Brasileosaurus Temporal range: Maastrichtian ~72–68 Ma PreꞒ Ꞓ O S D C P T J K Pg N ↓

Scientific classification
- Domain: Eukaryota
- Kingdom: Animalia
- Phylum: Chordata
- Class: Reptilia
- Clade: Archosauria
- Clade: Pseudosuchia
- Clade: Crocodylomorpha
- Clade: Crocodyliformes
- Clade: †Notosuchia
- Family: †Notosuchidae
- Genus: †Brasileosaurus Huene, 1931
- Species: †B. pachecoi
- Binomial name: †Brasileosaurus pachecoi Huene, 1931

= Brasileosaurus =

- Genus: Brasileosaurus
- Species: pachecoi
- Authority: Huene, 1931
- Parent authority: Huene, 1931

Extinct genus of reptiles

Brasileosaurus (meaning "Brazil lizard") is a genus of notosuchid notosuchian from the Late Cretaceous Adamantina Formation of Brazil. The type species is B. pachecoi, discovered by the Brazilian Eng. Joviano Pacheco and described by the prolific German paleontologist Friedrich von Huene in 1931.
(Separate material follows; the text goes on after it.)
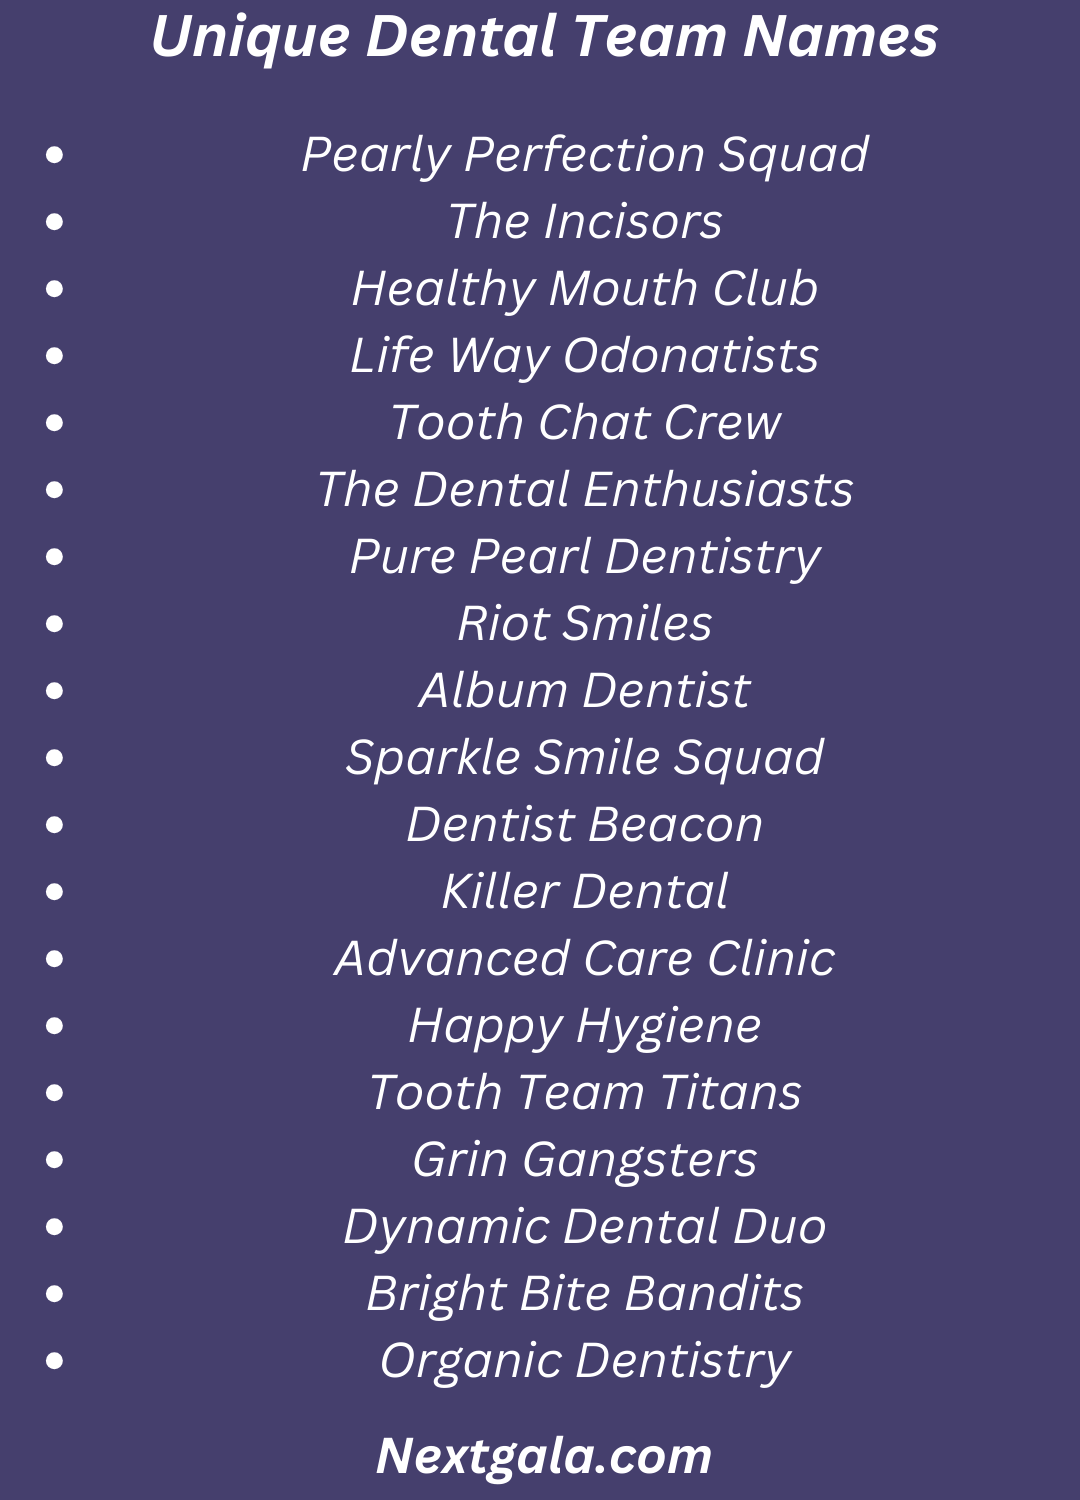 Dental Team Names

Brasileosaurus is not to be confused with the mesosaur Brazilosaurus.

== Classification ==
Although originally classified as a coelurosaur in the original description, it was later recognized as being a crocodylomorph, possibly synonymous with Uruguaysuchus. In his description of Sebecus, George Gaylord Simpson assigned Brasileosaurus to Notosuchidae, noting similarities with members of Mesoeucrocodylia.